A son avènement, en 1212, Raoul des Iles continua les travaux par la Salle des Hôtes et celle des Chevaliers que termina Thomas des Chambres.

 

Celui-ci, de 1218 à 1225, construisit le Réfectoire, modifia le pignon nord du transept roman contre lequel il établit le lavatorium des moines, et commença le Cloître.

 

Cette magnifique construction ne devait être terminée que sous son successeur Raoul de Villedieu, auquel on attribue aussi la petite Chapelle Saint-Etienne.

 

A cette époque, l’entrée de l’abbaye était située au bas de la tourelle dite des Corbins, à proximité du porche accédant au rez-de-chaussée de la Merveille.

 

Par des emmarchements aboutissant à la terrasse absidiale on arrivait au niveau du grand vestibule, aujourd’hui défiguré, qui desservait la Salle des Hôtes, celle des Chevaliers et le dégagement qui, longeant les substructions du transept nord, met en communication la Merveille avec les bâtiments de l’ouest en passant par l’ancien promenoir des moines.
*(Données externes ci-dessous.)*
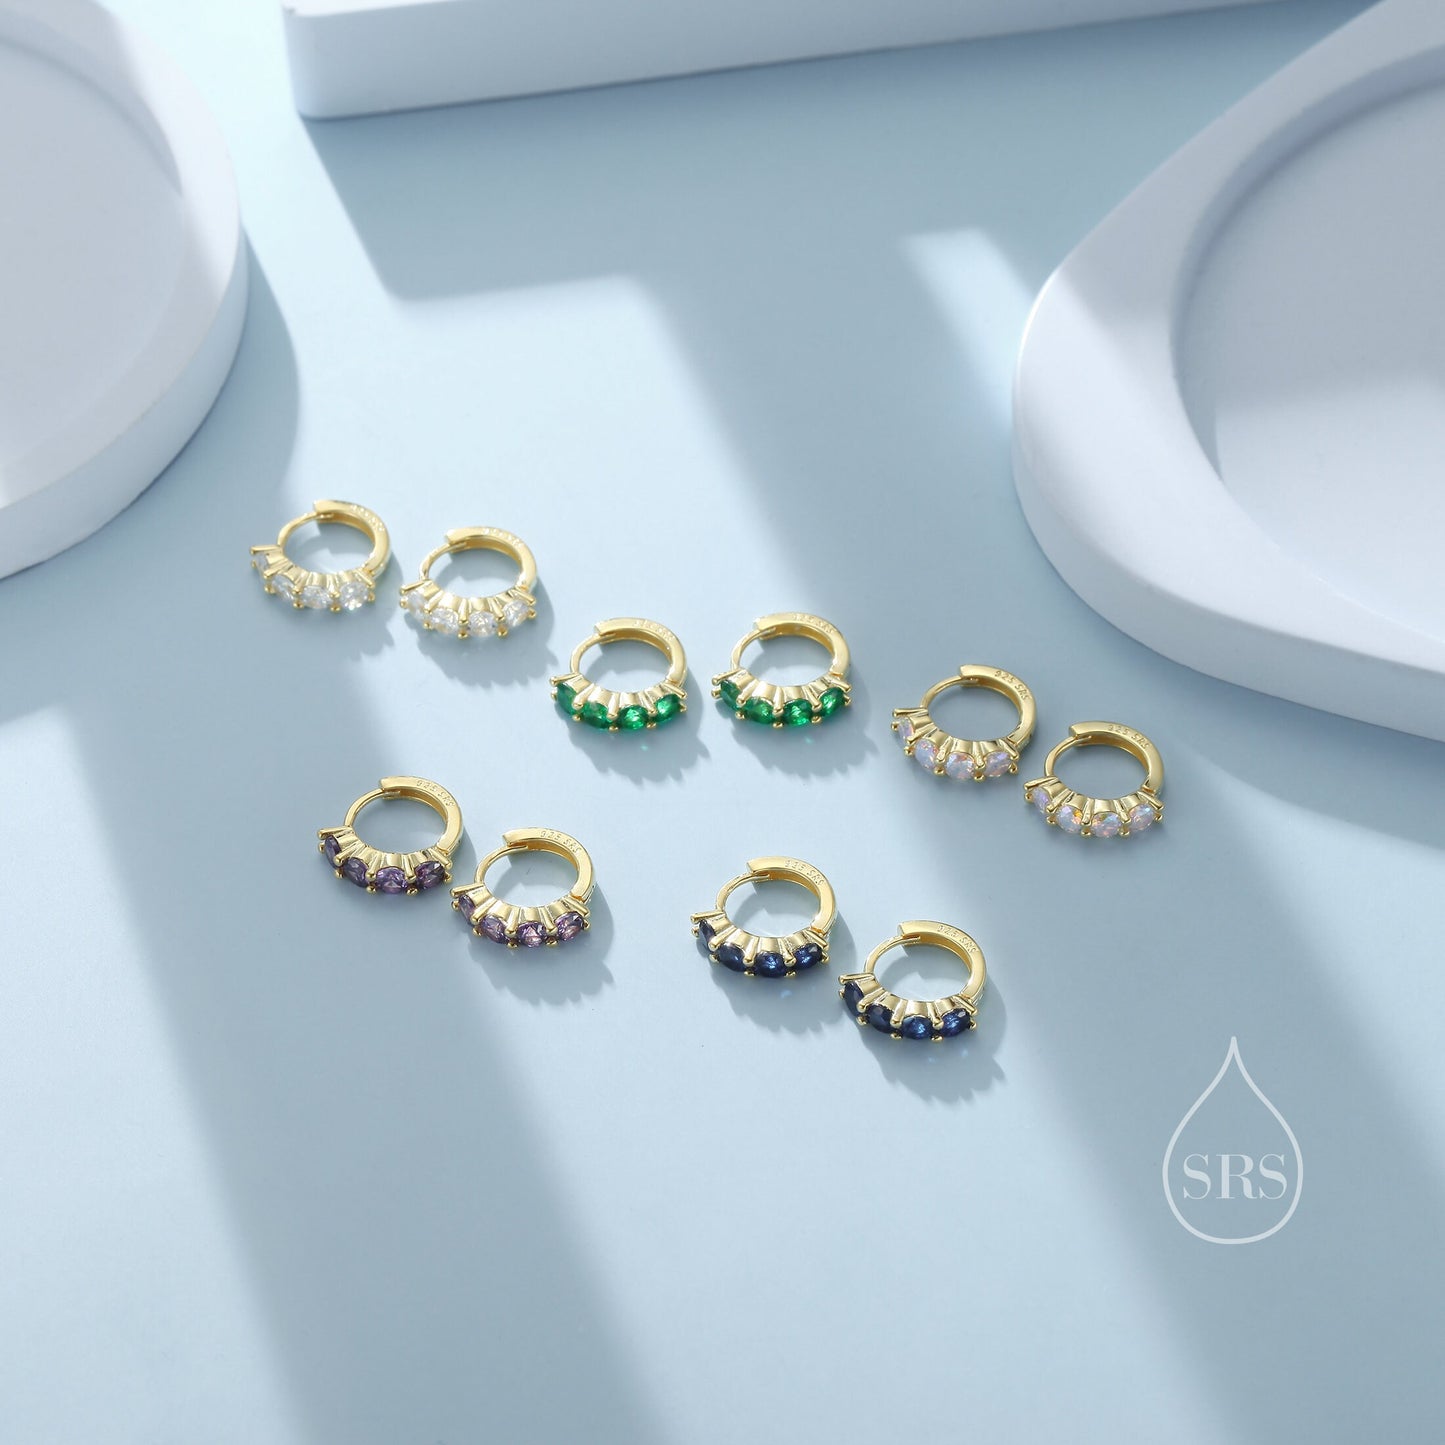 Tiny 6mm Huggie Hoop Earrings in Sterling Silver, Silver or Gold, 4mm Geometric Hoop Earrings, Green, Blue, Purple, Rainbow or Clear CZ

Or l’abbaye était riche et suscitait bien des convoitises. Cependant elle ne possédait encore, non plus que la ville situé à ses pieds, aucune fortification.

 

Elu abbé en 1236, Richard Turstin entreprit de fortifier l’entrée qu’il avait déplacée en la transportant au bas du bâtiment élevé par ses soins à l’est de l’église et désigné sous le nom de Belle Chaise.

 

Grâce à la munificence de Saint Louis qui vint en pèlerinage vers 1254, ce prélat couvrit de fortifications les escarpements du nord et fit bâtir la tour Nord.

 

En 1300, la foudre tomba sur le clocher de l’église, l’incendia et le ruina entièrement.

 

Le feu communiqué à la ville en détruisit un grand nombre de maison.
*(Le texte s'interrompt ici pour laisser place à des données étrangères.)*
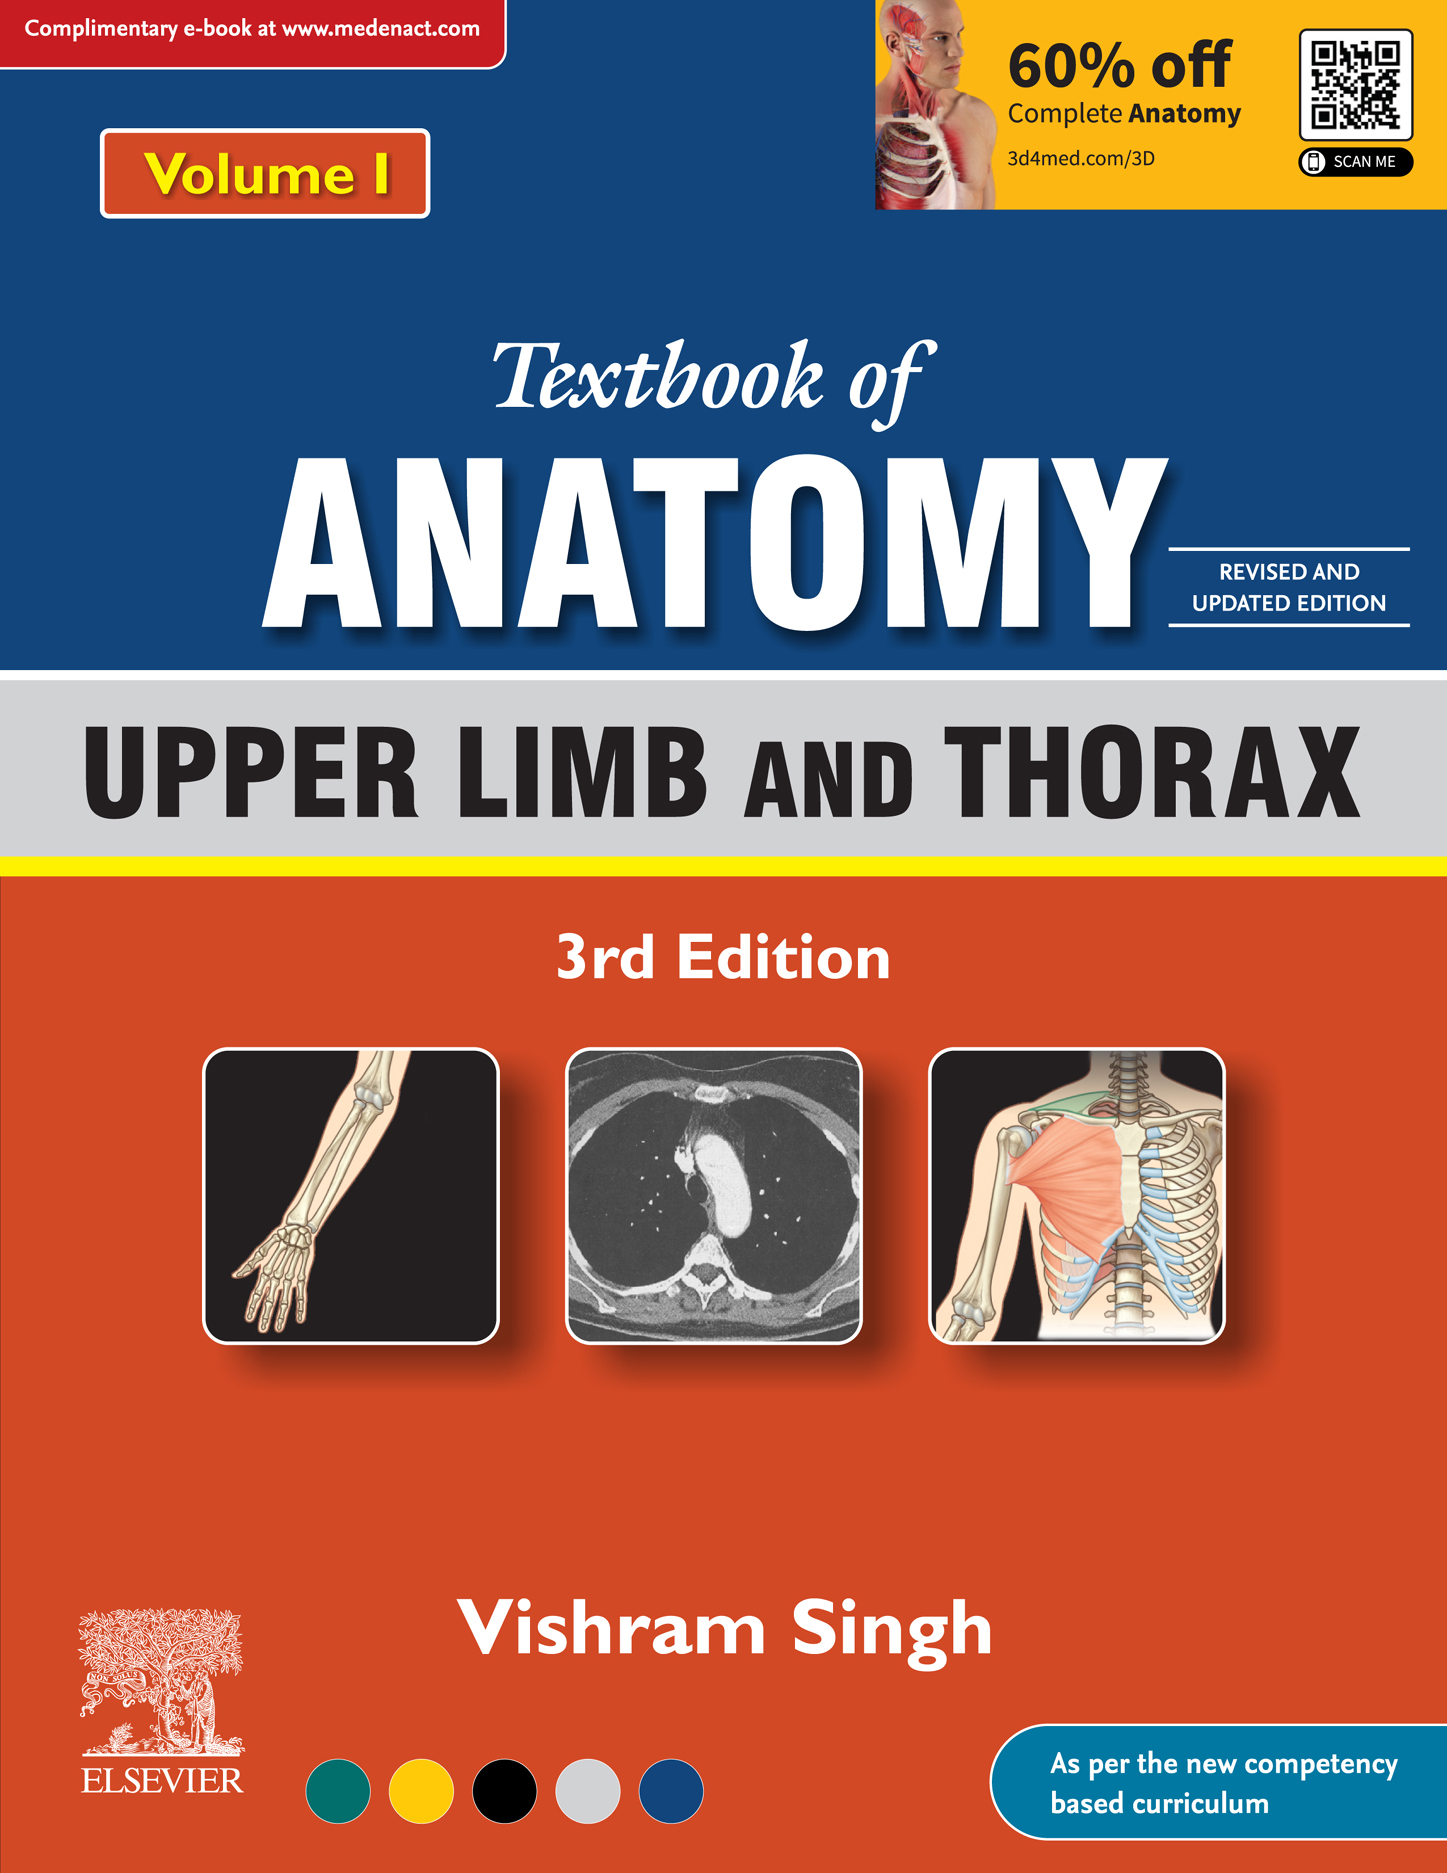 Upper Limb - Nerve Anatomy - Neuroanatomy Flashcards

L’offrande royale de Philippe le Bel, venu en 1311 en pèlerinage au sanctuaire de saint Michel, permit à l’abbé Guillaume du Château de réparer promptement ce désastre.

 

Guillaume continua en outre les fortifications dans la direction du sud-est et construisit, à la base sud-ouest du rocher, les magasins abbatiaux ou Fanils, détruit depuis et sur l’emplacement desquels on voit aujourd’hui la Caserne, élevée en 1828 à l’usage des troupes préposées à la garde de la prison centrale.

 

L’entrée du bourg se trouvait alors à proximité du point où devait s’élever un siècle plus tard et où se trouve encore aujourd’hui l’église paroissiale.

 

Quelques années plus tard préludait la guerre de Cent Ans et les Anglais ravageait la Normandie.

 

L’abbé Nicolas le Vitrier, dont la tâche première avait été de réparer les dégâts d’un nouvel incendie occasionné par la foudre en 1350, prit un soin particulier de l’entretien des remparts.

Son successeur, Geoffroy de Servon, dut relever de nouvelles ruines, la foudre ayant encore, en 1374, incendié l’abbaye et même la ville devant les Anglais déjà postés à Tombelaine.

 

En 1386, l’abbé était Pierre Le Roy, homme remarquable qui, indépendamment des réparations qu’il fit à l’église et aux bâtiments abbatiaux, agrandit et fortifia considérablement l’abbaye.

 

Il fit refaire le sommet de la Tour des Corbins ruiné par le feu, et entreprit à l’entrée du monastère une succession de défenses qui le mirent à l’abri d’un coup d’audace.

 

Il appliqua contre la façade sud de Belle-Chaise la Tour Perrinne et construisit, en avant de l’entrée, le Châtelet ainsi que le mur le reliant à la Merveille.

 

Puis il fit précéder cet ensemble de la Barbacane, de la Tour Claudine et du Grand Degré.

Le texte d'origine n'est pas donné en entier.